Institute for Biomedical Ethics and History of Medicine, Seminarraum EG
Winterthurerstrasse 30, 8006 Zurich
Tuesday Nov 26, 2.15-3.15pm.
Abstract:
Digital mental health serious games have been increasingly used as therapeutic tool. They are especially valuable in the context of young adults, due to the popularity of digital games, their engaging narratives, and the safe space they provide for exploring new behaviours. However, ethical considerations related to these tools remain under-researched. This paper answers to this lack of ethics guidance, which is particularly important when developing gamified healthcare technologies for the sensitive and vulnerable phase of adolescence.
This paper proposes an ethical framework, which maps the breadth of ethical considerations pertinent when developing such novel therapeutic tools in a structured and accessible manner. Methodologically, our principle-based empirically grounded approach combines conceptual insights from the existing ethics literature, a scoping review on ethical considerations discussed in publications on previous interventions and empirical insights from our work as embedded ethicists in the HORIZON-2020 project ASP-belong. Based on evidence-based psychology, Augmented Social Play (ASP) aims at fostering a sense of belonging among adolescents through the use of a serious game with augmented reality (AR) elements.

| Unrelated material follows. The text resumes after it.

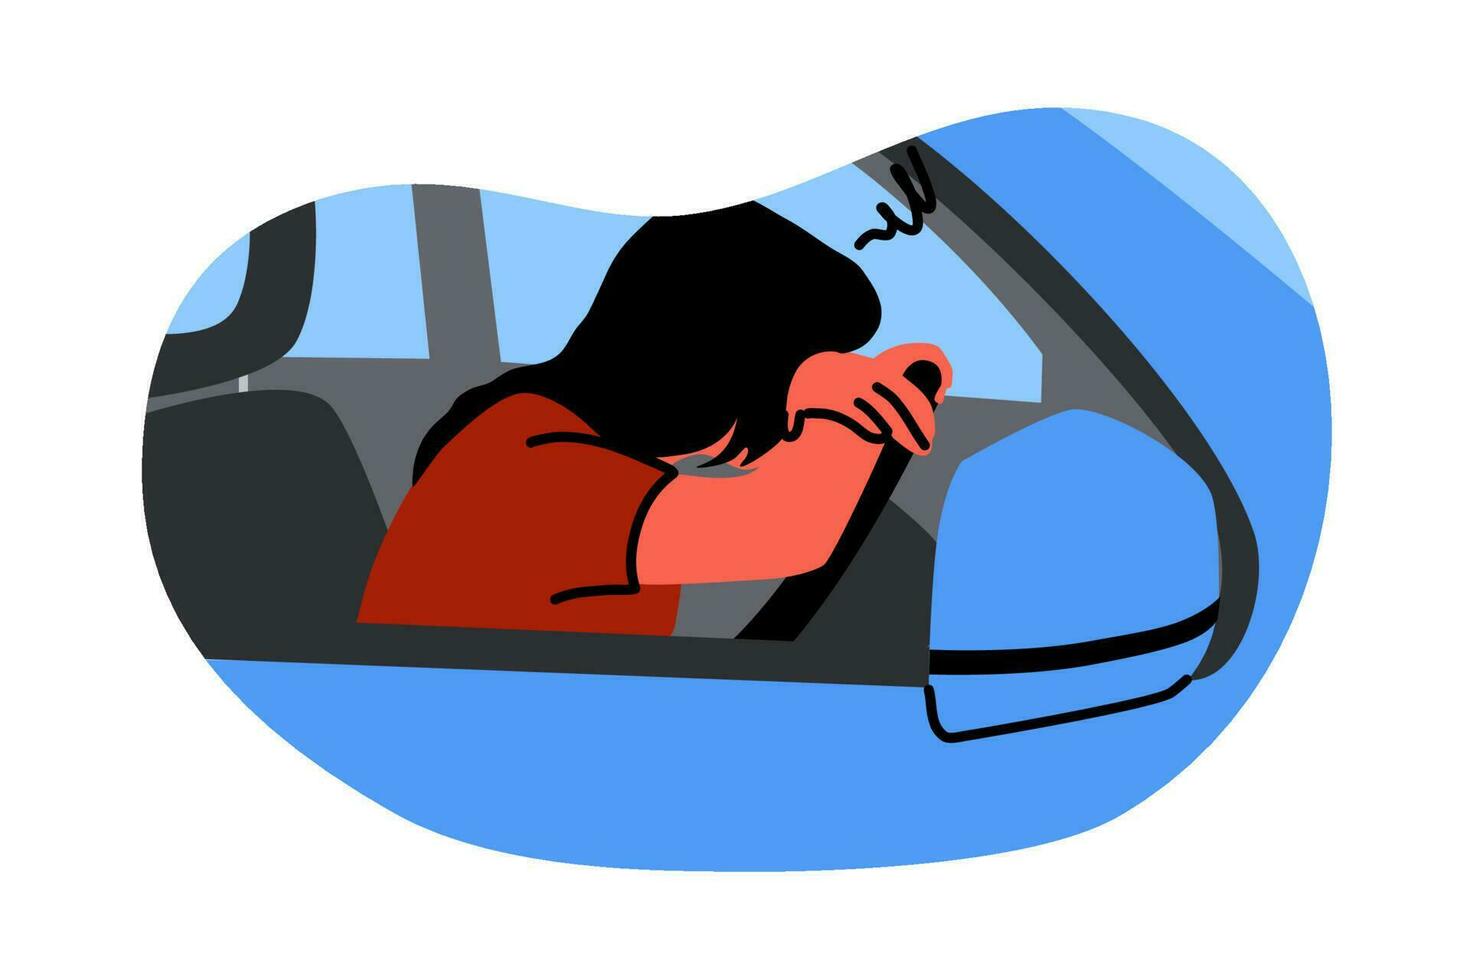 Mental stress, frustration, depression, fatigue, sleep concept. Young unhappy depressed stressful frustrated woman driver character sleeping on steering wheel. Annoyance about stucking in car traffic. vector

Our framework identifies relevant ethical principles, practical examples, mitigation strategies, and reflection questions across three intertwined areas:
(i) Developers: The focus is on including diverse forms of experiences and expertise in the development process. Developers may include a wide range people, such as game designers and researchers from various disciplines, such as computer science, psychology, and user experience research (principles: recognition and equity). Additional input can come from consulting, collaborating with and co-creating with co-developers, such as young users and education experts (principles: privacy, safety, autonomy, appreciation and transparency).

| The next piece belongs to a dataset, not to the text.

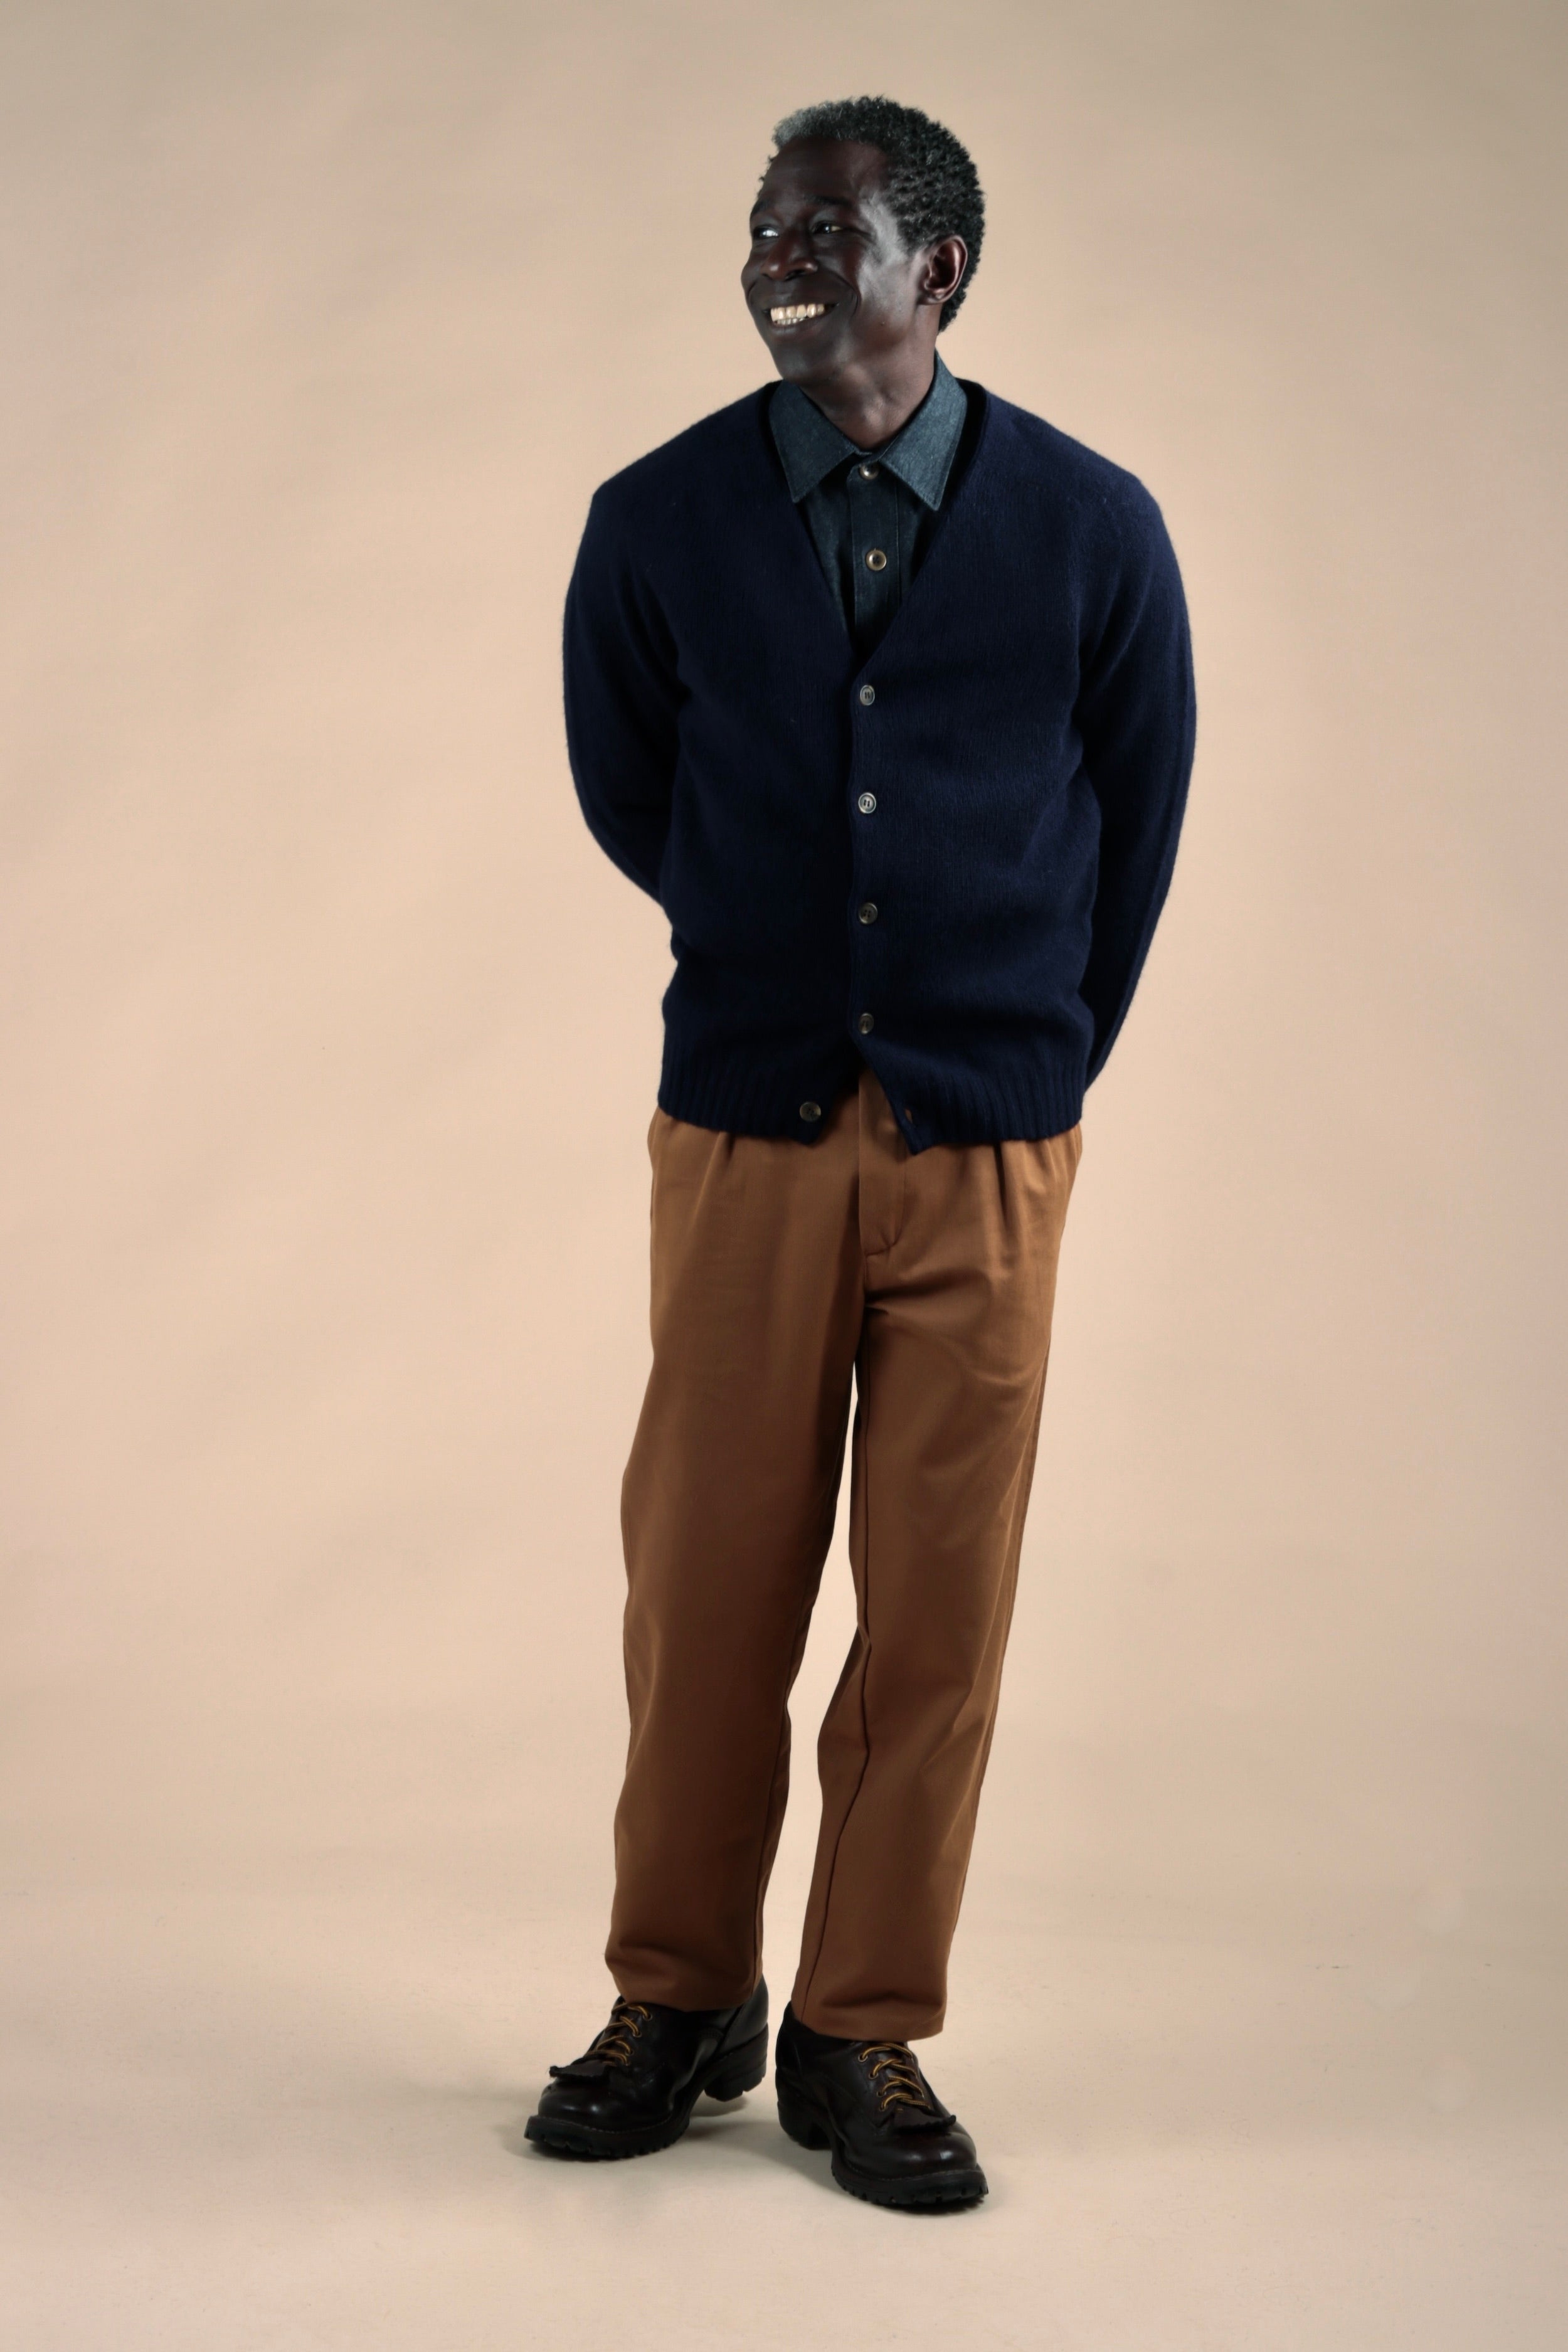 Man wears Carrier Company Navy Cardigan with Denim Collar Shirt and Classic Trousers in Tan

(ii) The game: The focus is on ethical considerations related to in-built design decisions, such as how the aesthetics and in-game choices are designed, and how users’ input is used for creating a personalised experience (principles: accessibility, privacy, empowerment, autonomy, social connections, cultural sensitivity, social sensitivity).
(iii) Young users: The focus is on the game’s impact on young users’ health. This includes the health and rights of immediate users when they play the game (principles: autonomy, beneficence, non-maleficence). It also highlights societal responsibility. Mental health games should ideally address gaps in mental healthcare and be distributed fairly to ensure equitable access and benefits (principle: justice).
This paper aims to achieve two goals: (a) It provides practical guidance for (co-)developing digital mental health serious games for young people. We argue that each project should assess the relevance of these ethical issues and reflect on their significance within that specific project. (b) Second, this paper offers a conceptual map of ethical considerations for developing the technology in focus. By design, the framework remains open to incorporating additional considerations as they emerge from further specific projects.
Dr. Wanda Spahl is a social scientist with expertise in qualitative research and ethics. She researches health and healthcare in the context of marginalized groups, with a focus on digital technologies. Since 2023, she has been part of the EU Horizon project ASP-belong, which is developing a collaborative augmented reality intervention to promote adolescent health. Her doctoral thesis, From Medical Care to Citizenship, addressed healthcare for refugees in Vienna (2024, Department of Political Science, University of Vienna). She has published in journals such as Bioethics, Critical Public Health, Comparative Migration Studies, and Frontiers in Public Health. In 2022, she founded PARABOL, an association for artistic research.